Steel spun around to face the precinct doors. A look of sudden shock covered his face as he realised that that same woman was now guarding the Chief downstairs. She had changed the colour of her hair but it was her sure enough.
He ran inside the precinct and made for the stairs, hoping he would make it in time. As he entered the long corridor he noticed there was no guard outside the interrogation room. He slowed and walked towards it. The door was wide open and the lights fully on, as if for effect.

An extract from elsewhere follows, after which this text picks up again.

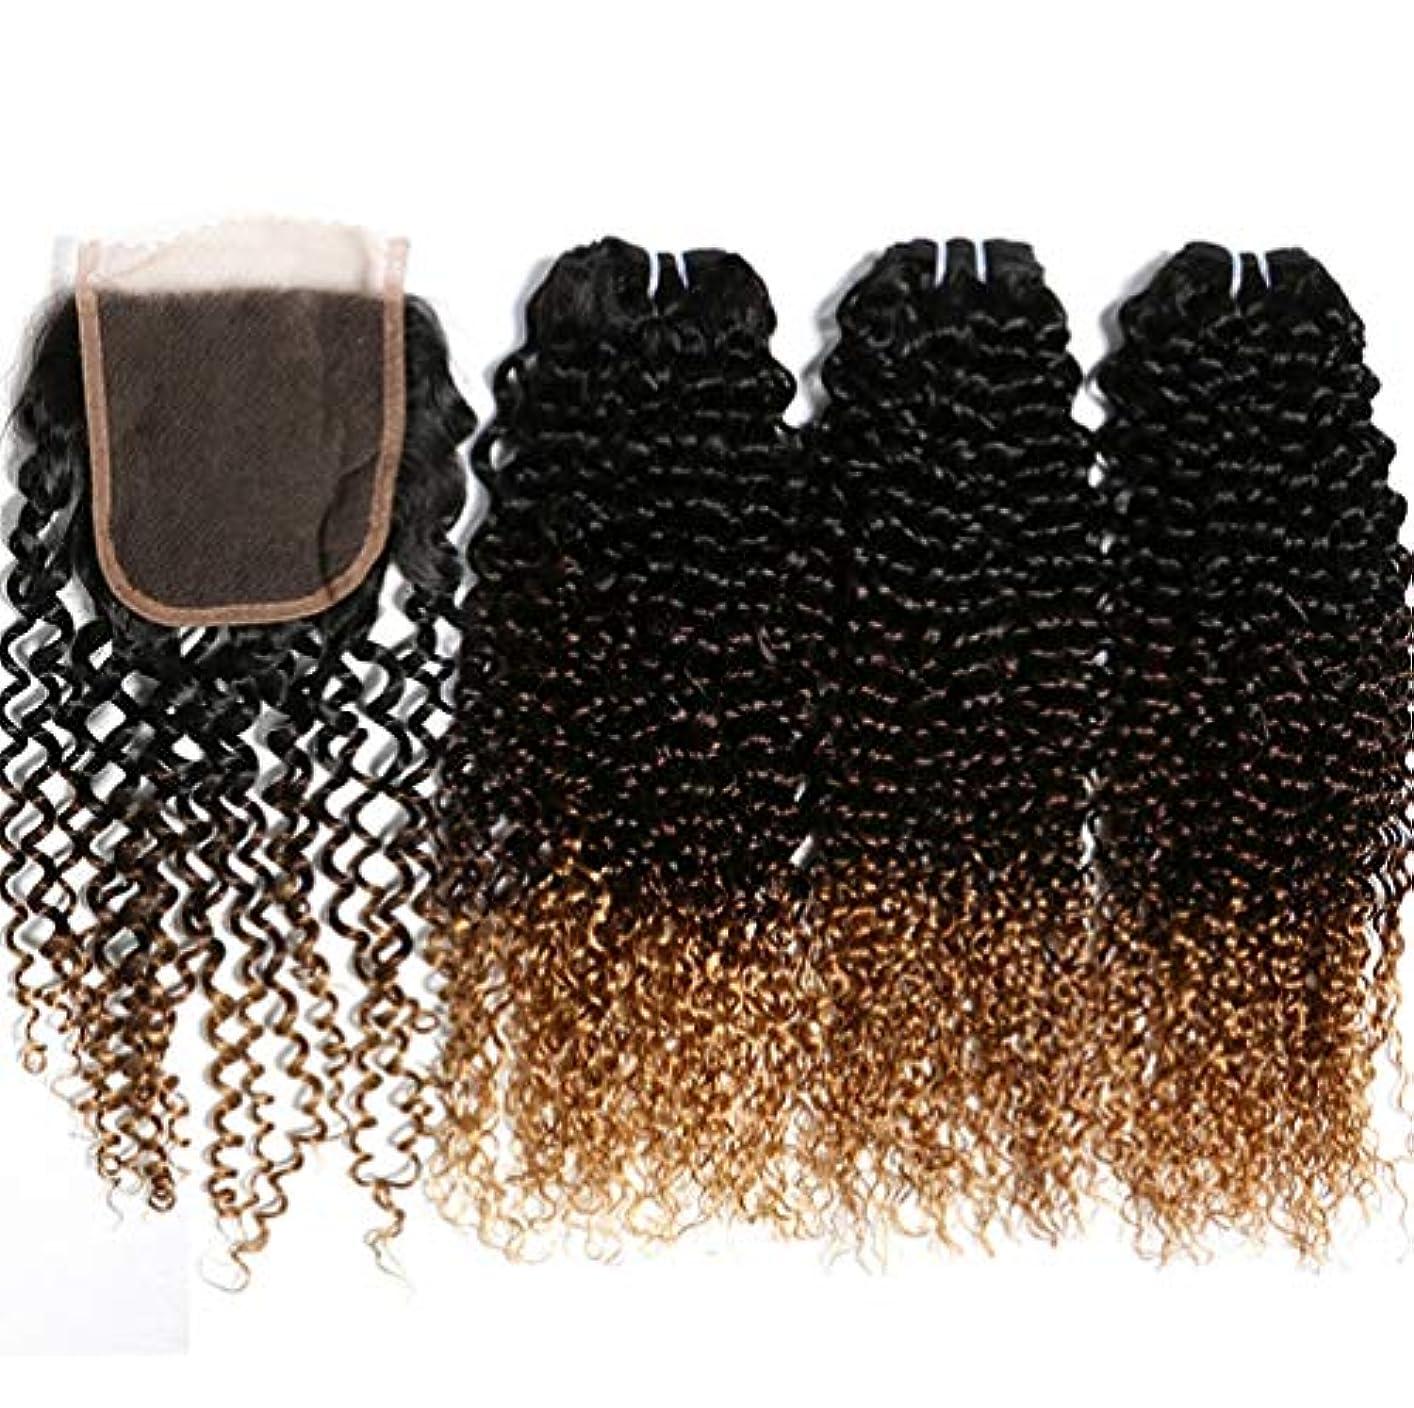 女性ブラジルの髪の束と人間の髪の束を織り人の髪の束とブラジルの身体の波を織り(3束)

Inside Chief Doyle sat there with his head lying back, and pieces of brain and bone fragments made a pattern on the back wall. Steel noticed on the table a tube of black lipstick that stood on its base, with the bullet-shaped lozenge of glossy black lipstick showing.
They had gotten to him and he had let them. Behind him the sound of footsteps echoed in the concrete passage.
“Oh, man, who did this?”
Steel could feel everyone looking at him, but he simply stood there. “There was a female officer watching the door,” he announced. “I went to get some fresh air.”
He turned to see the suspicious looks from Tooms, McCall and Brant.